The deepest anti-pattern: using Composite when flat would do. A 16 KB Composite walked once per request is fine — dispatch is invisible. A 16 MB Composite walked thousands of times per request is a performance bug. Pointer-heavy trees pay GC and cache-miss tax forever; flat arrays pay it once at construction.

12. Closing principles¶

Composite is interface dispatch all the way down. One method — Children() — defines the pattern. Every other decision is a consequence. The power is uniformity; the hazards are uniformity scaled to production load.
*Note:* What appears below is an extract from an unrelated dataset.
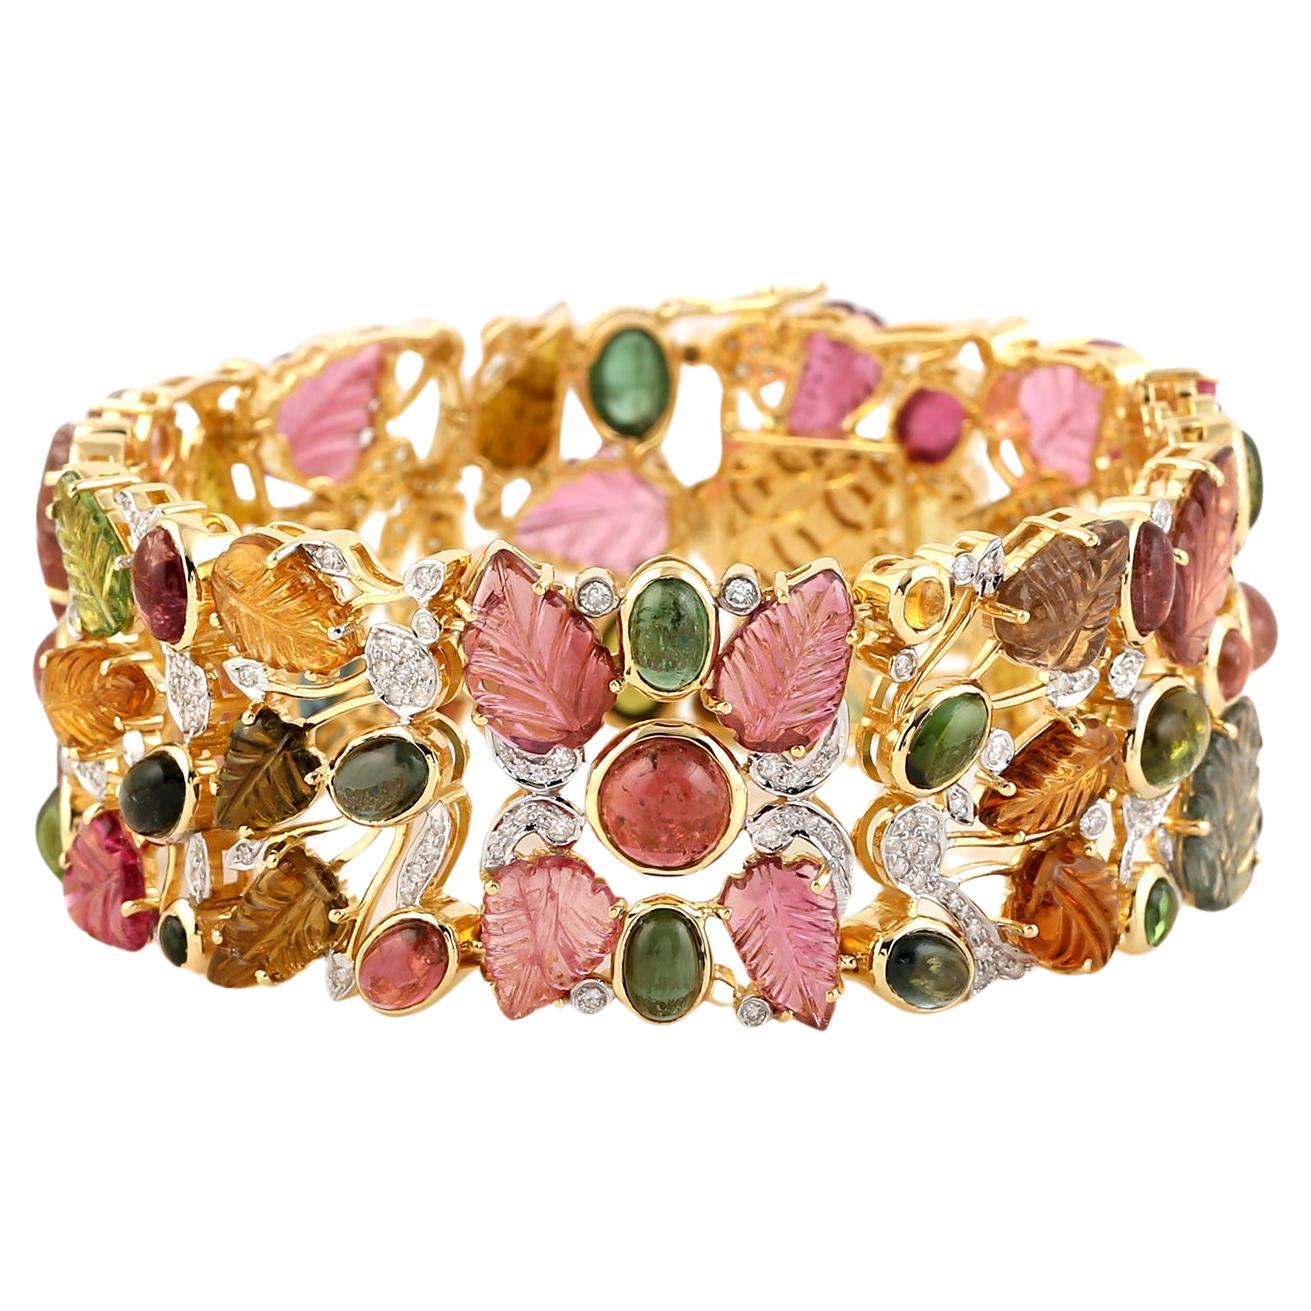 Multi Color Tourmaline Bracelet With Diamonds Made In 18k Yellow Gold

Composite is for heterogeneous, code-driven trees. ASTs, DOMs, CLI command graphs — yes. A million Comment rows — no; that's a flat table with parent_id and a closure-table index. Composite when types differ and operations are polymorphic; flat when data is uniform and storage is durable.
Interface dispatch is cheap; pointer chase is not. A 100 000-node walk costs ~600 µs in dispatch and ~10 ms in cache misses cold. The bottleneck is layout. Flatten when you walk more than you build.
Serialization is the wire shape. Tagged-union JSON for human-facing config and debug; protobuf oneof for service-to-service; MessagePack for polyglot binary. Don't invent a format; don't ship JSON over high-throughput RPC.
Persistent trees buy safety; mutable trees buy simplicity. Persistent for many readers + occasional writer, undo/redo, sub-tree diffing. Mutable for single-threaded parsers. The day you reach for sync.RWMutex to coordinate readers is the day atomic.Pointer[Node] with persistent updates wins.
Parallel traversal pays only on expensive per-node work. Fan-out for I/O-bound; work-stealing for uniform CPU-bound on big trees; serial for everything else.
Stream when the tree exceeds memory. SAX for unbounded input; materialise only subtrees the consumer needs. xml.Decoder.Token() + DecodeElement is the sweet spot.
Observability is the shape, not the contents. Node-count gauges, depth histograms, aborted-walk counters. Depth p99 spiking is the adversarial-input canary.
Failure modes are stack and mutation. Forbid cycles at the type level; iterate over a stack; snapshot before walking; design for idempotency or transactions.
Layout is a performance budget. Pointer trees: 64 B/node, every pointer scanned, L3 latency. Flat arrays: 32 B/node, slice-header scan, memory bandwidth. Arenas: O(1) alloc, freed as a unit. Match layout to lifetime; profile before changing.
Untrusted recursive input is the DoS surface. Bytes, depth, node, fanout, timeout caps on every public parser. No exceptions. Adversarial depth is older than your codebase and still works.

Get these right and Composite is invisible: parsers produce trees, walkers traverse, serialisers round-trip, persistent updates publish new versions atomically. Get them wrong and the on-call incident is a 50 000-level YAML overflowing the stack, a serialiser allocating quadratic memory on a wide tree, a hot path walking pointers at L3 latency per request, and a parallel walker mutating siblings under another worker's iterator. Composite is the easiest pattern to write and one of the easiest to operate carelessly. Interface dispatch is the contract; everything else is engineering.